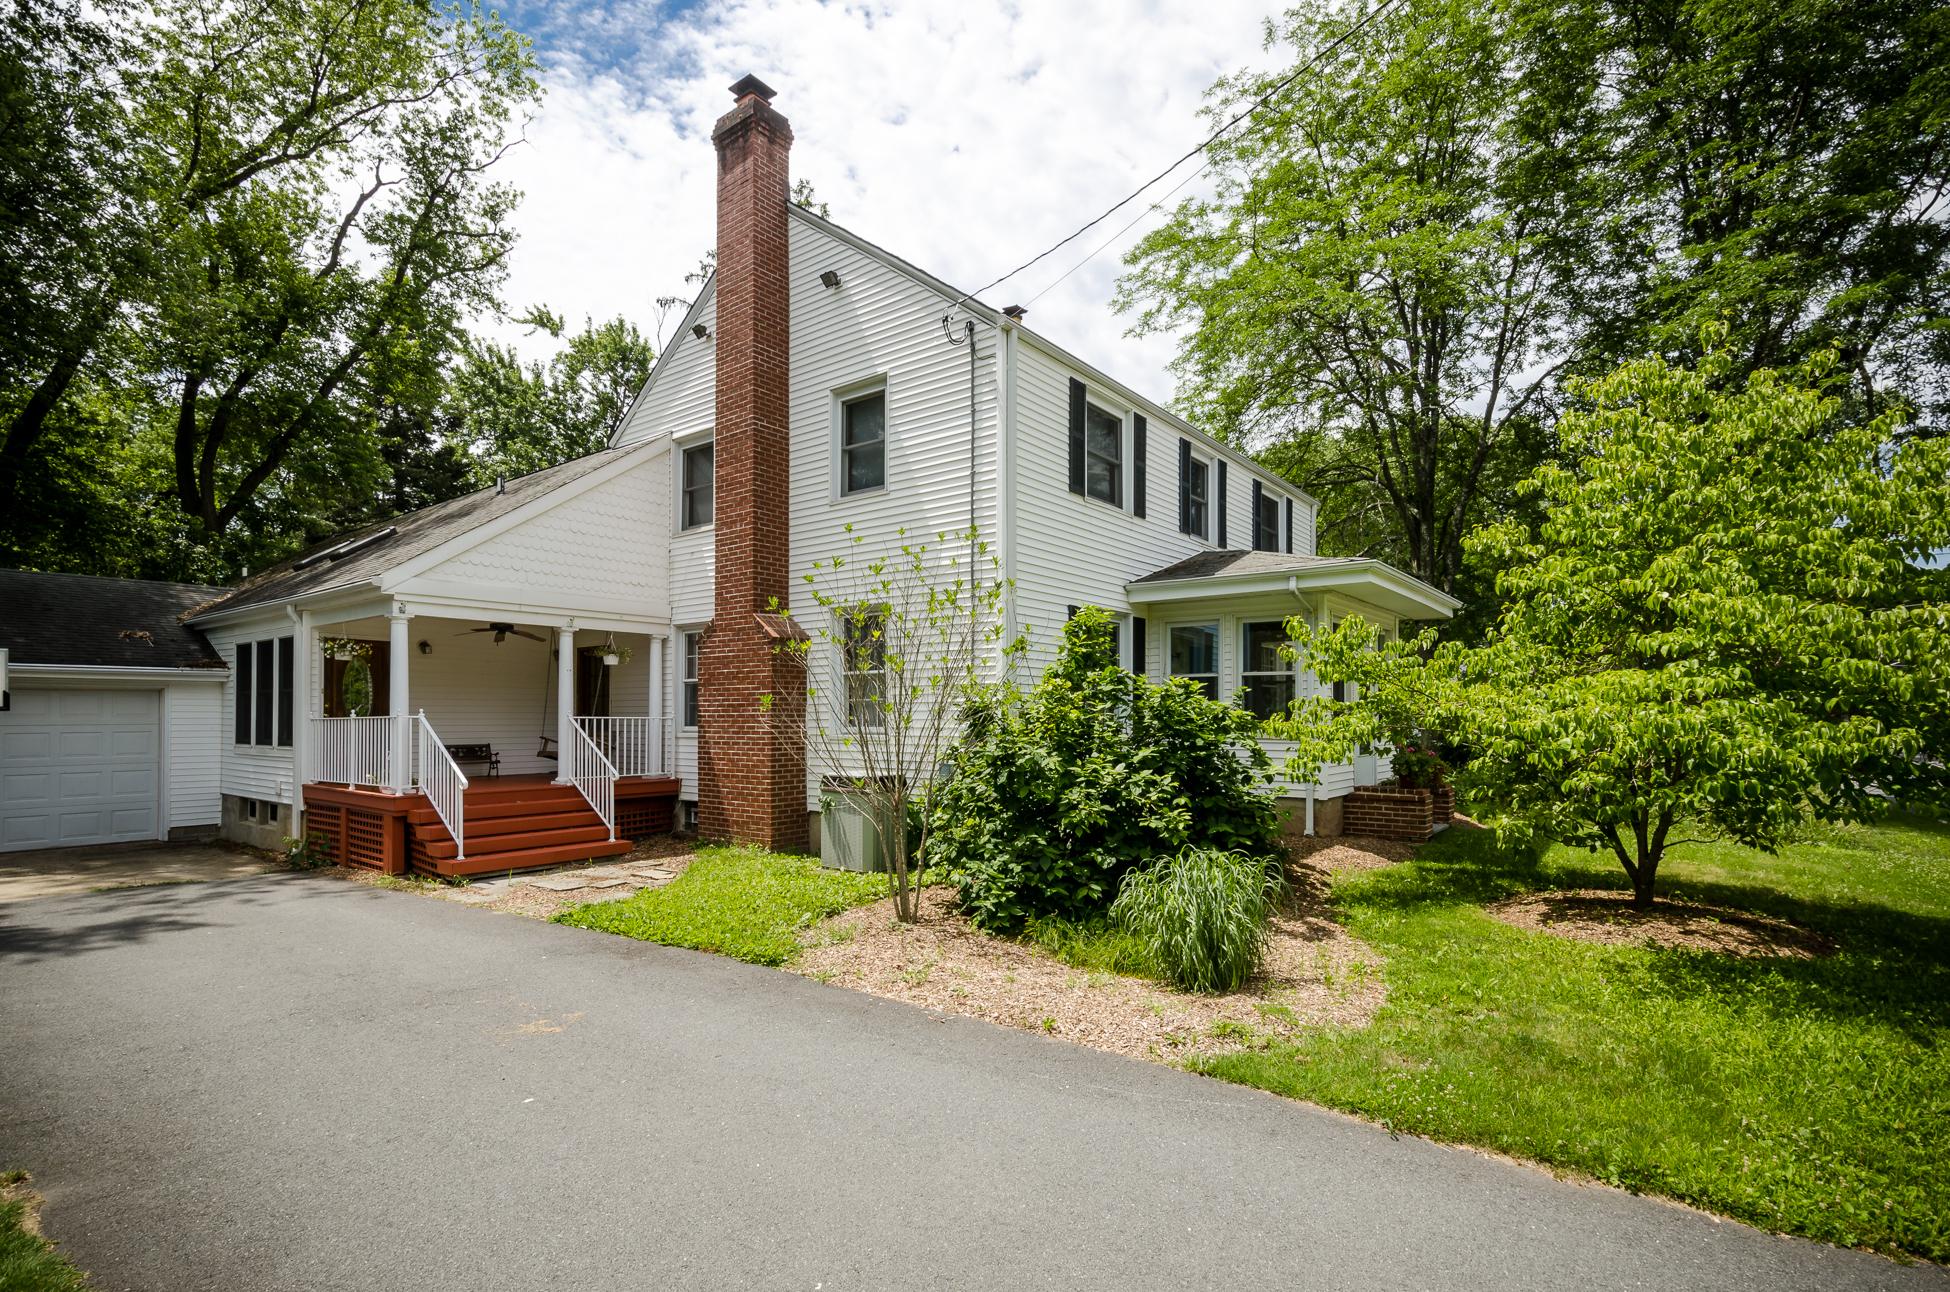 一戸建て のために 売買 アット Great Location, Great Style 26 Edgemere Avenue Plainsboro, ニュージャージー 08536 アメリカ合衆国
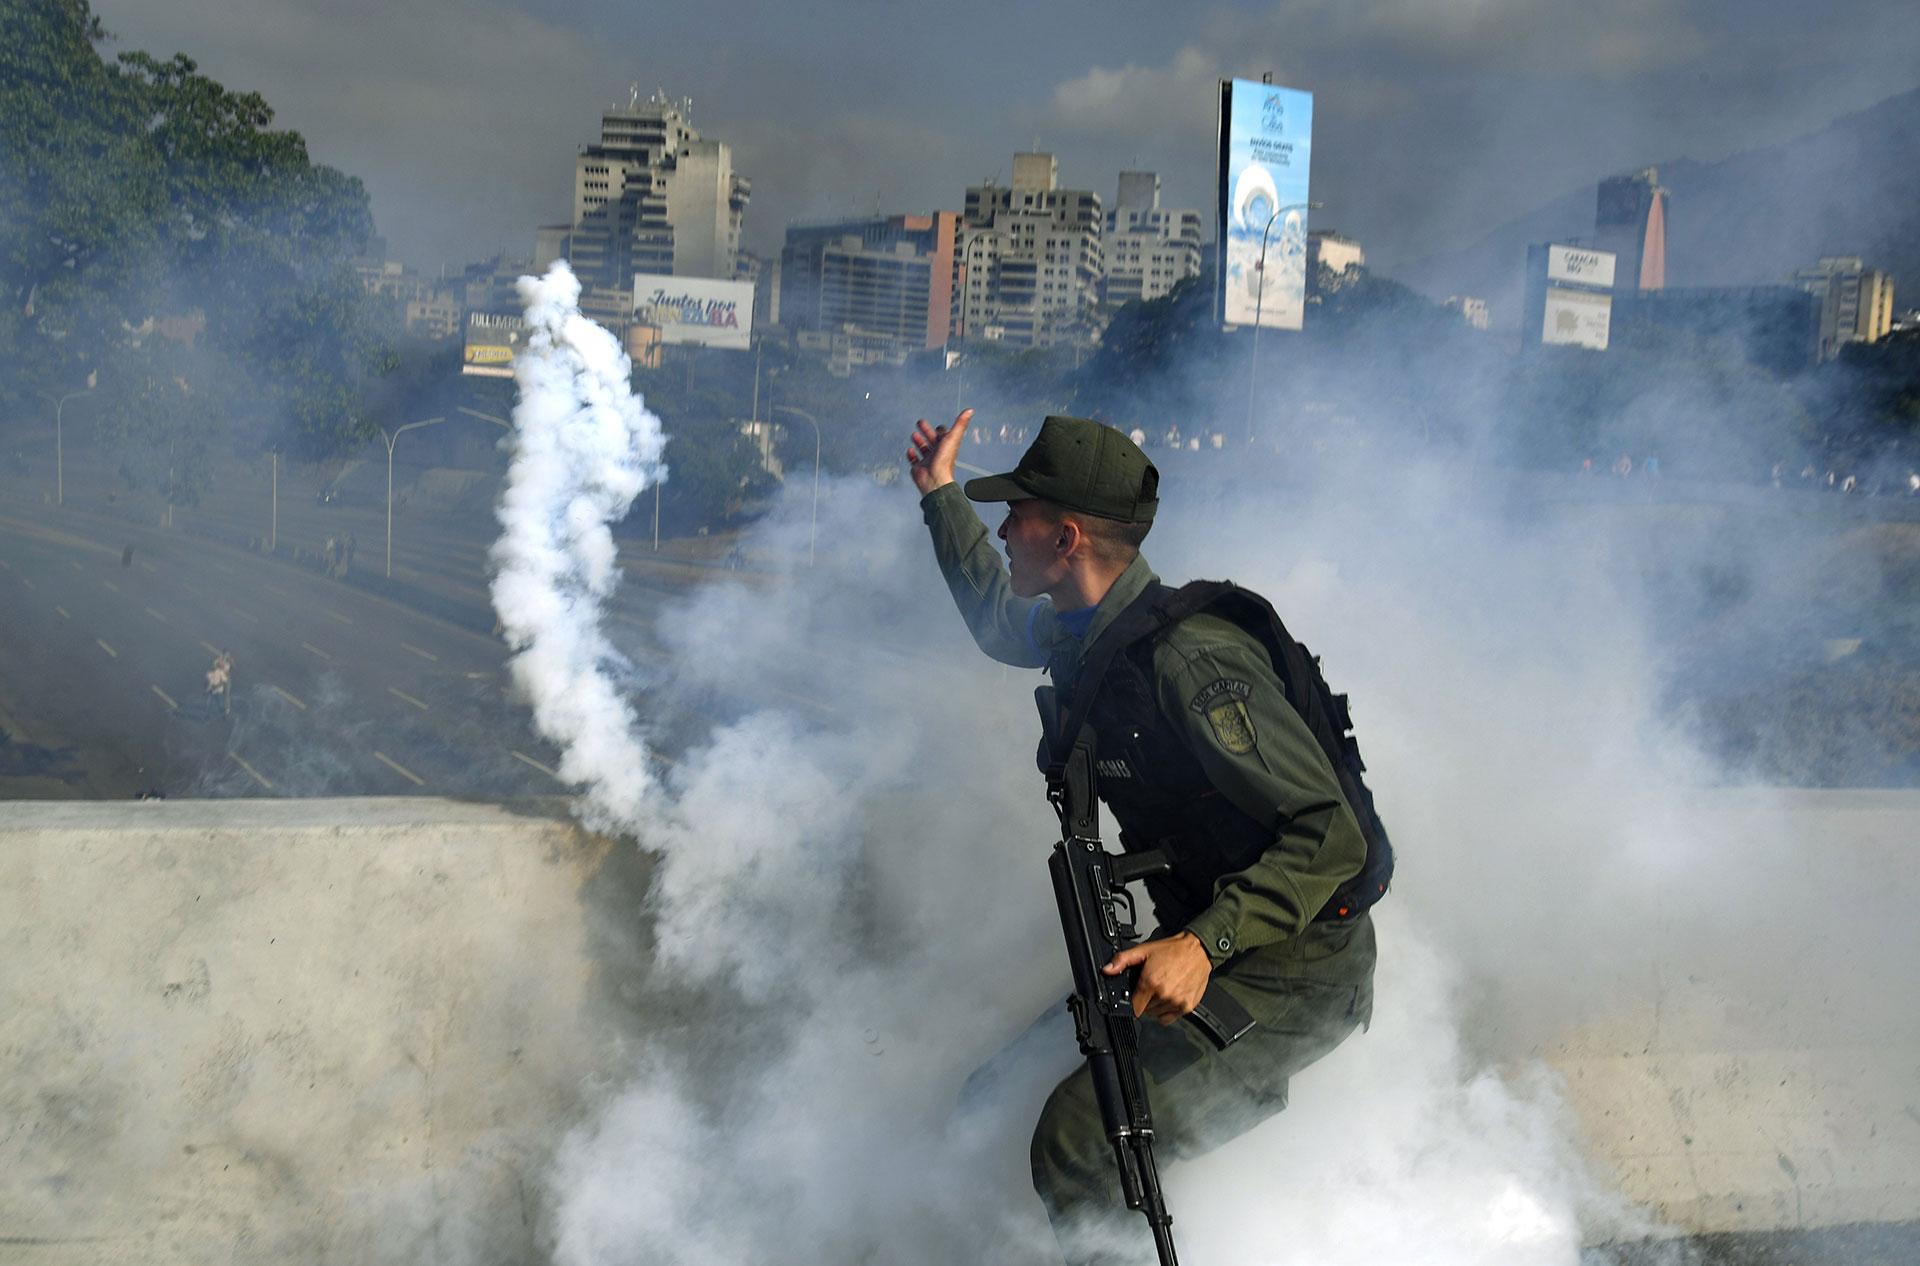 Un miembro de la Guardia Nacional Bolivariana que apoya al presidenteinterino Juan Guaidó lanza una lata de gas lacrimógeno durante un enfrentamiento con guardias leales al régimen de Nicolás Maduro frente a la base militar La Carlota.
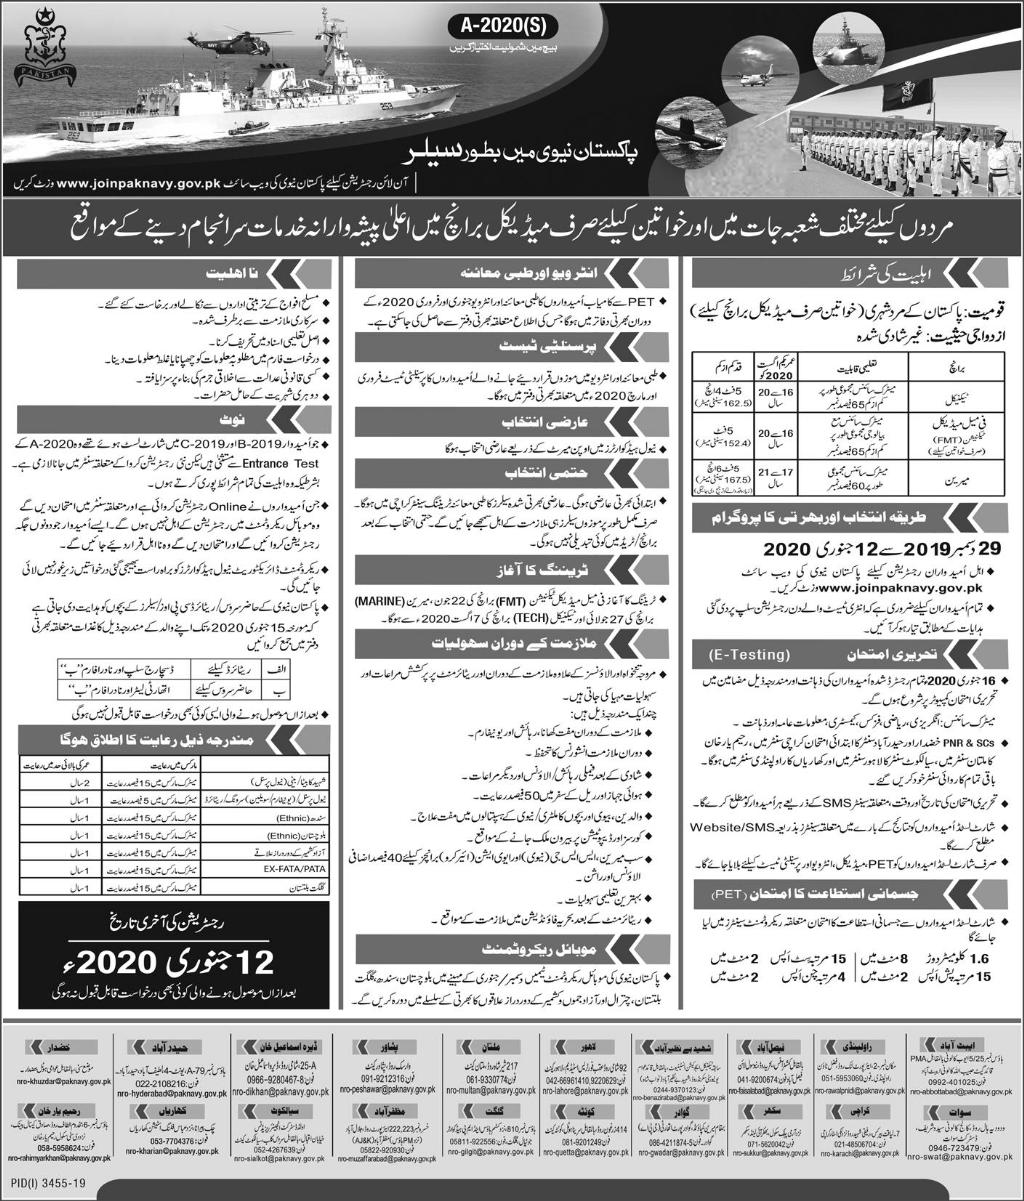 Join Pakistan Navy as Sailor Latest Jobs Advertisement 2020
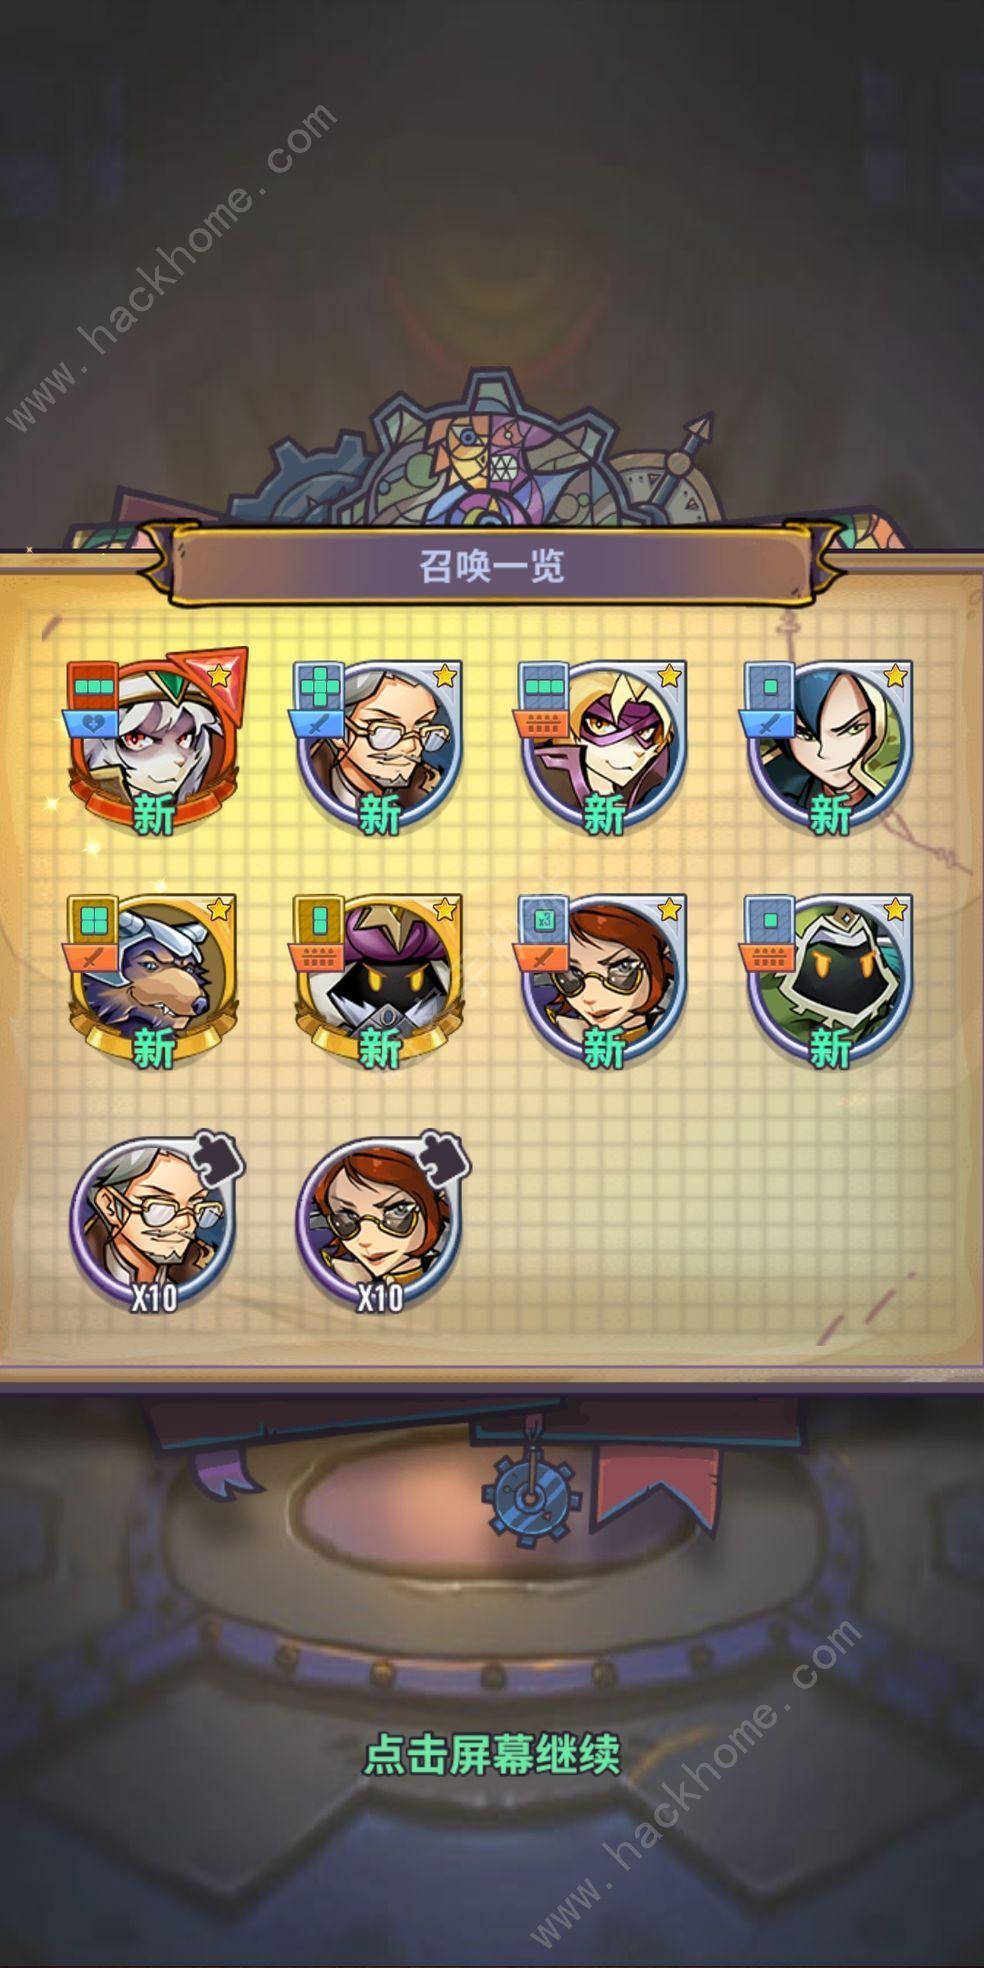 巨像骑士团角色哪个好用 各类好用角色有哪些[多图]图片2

What this task involves – Where the line holding "Un miembro de" appears, start copying, and continue exactly through the last line of the listing, both ends included, skipping the pictures.

Solution to this exercise –
 Un miembro de la Guardia Nacional Bolivariana que apoya al presidenteinterino Juan Guaidó lanza una lata de gas lacrimógeno durante un enfrentamiento con guardias leales al régimen de Nicolás Maduro frente a la base militar La Carlota.
 Join Pakistan Navy as Sailor Latest Jobs Advertisement 2020
 巨像骑士团角色哪个好用 各类好用角色有哪些[多图]图片2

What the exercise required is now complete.